99 I am not persuaded that Adamcik stands for the proposition for which the appellant principally contended, that is, that the subsequent presentation of the indictment before the jury and, I infer, the arraignment at that time does not mark the commencement of the proceedings. Even though the purposes of pre-trial processes such as occurred in Adamcik is to assist in the efficient running of the trial, as Mahoney ACJ pointed out in his judgment, evidentiary rulings given at the pre-trial stage are preliminary only. There may be circumstances which require those rulings to be revisited in the hearing proper.
100 However, I accept that the position is not clear and it may be that the hearing of the trial commences upon the first arraignment after the indictment has been presented. Notwithstanding that there may be some uncertainty on this point, it does not affect the position in this case, as the appellant was not arraigned prior to 1 January 2009. Accordingly, it is not necessary to finally determine whether a trial, that is, a criminal proceeding on indictment, commences at the time of the first arraignment, regardless of whether that was in the presence of the jury to be empanelled. In the appellant's case, the hearing of his trial commenced on 23 March 2009, after the commencement of s 165B.

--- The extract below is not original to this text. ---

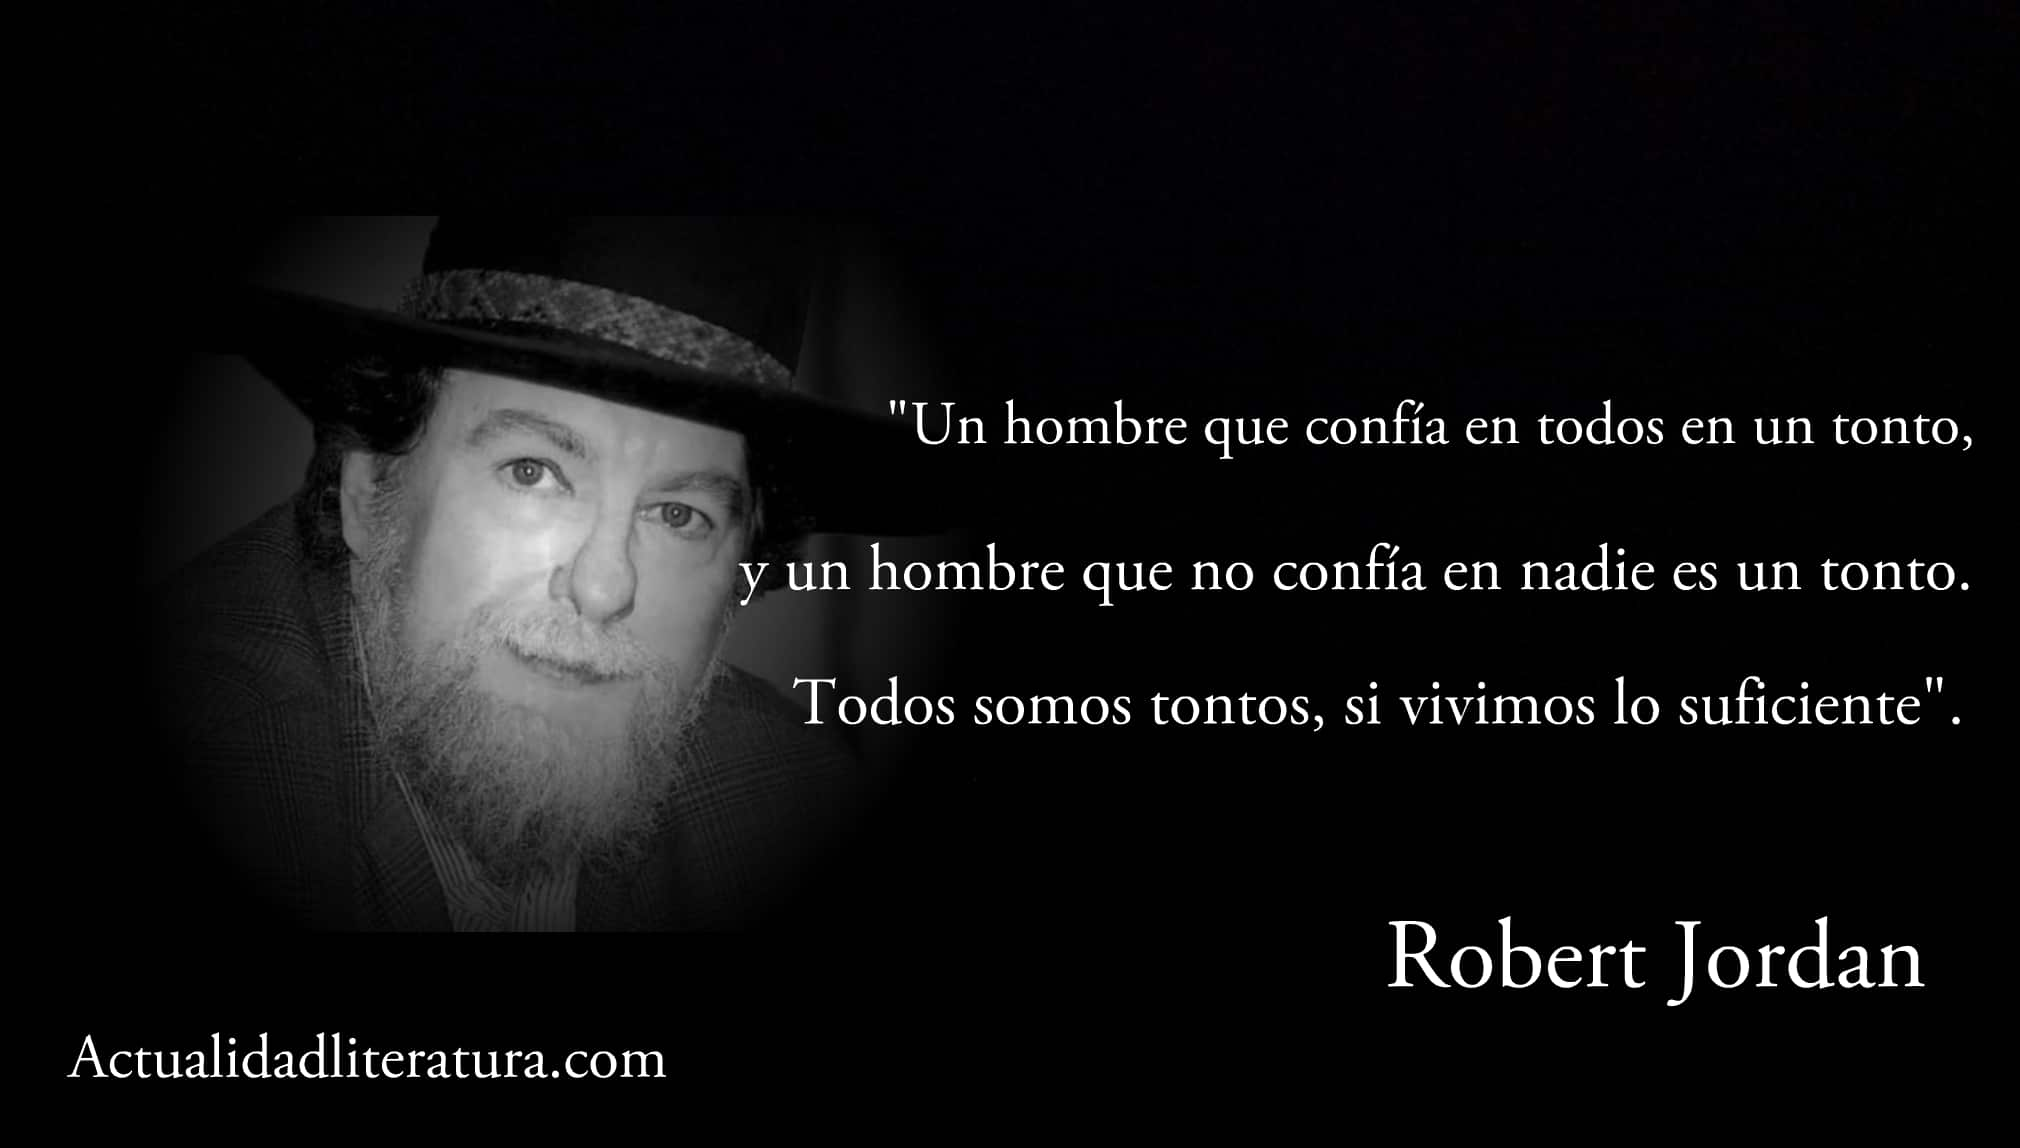 Frase de Robert Jordan.

101 Notwithstanding the perhaps unresolved question whether a trial commences on the first arraignment, the indictment having been presented at that time, or when the indictment is presented and the accused person arraigned in front of the jury, as Howie J held in Jancevski, these authorities demonstrate that when legislation, such as the Evidence Act transitional provision cl 17, refers to "proceedings the hearing of which began before the commencement of the [provision or Act]", the intended reference is to the hearing of the particular proceeding such as the trial itself.
102 The Criminal Procedure Act, Ch 3, Pt 3, Div 2 contains those provisions which govern the commencement of proceedings on indictment. By contrast, the Evidence Act is concerned with the evidence which is to be adduced at a particular hearing. When the Evidence Act transitional provision refers to a proceeding the hearing of which has commenced, I am of the opinion that, on its proper construction, it is referring to the hearing of a particular proceeding, in this case, a trial on indictment.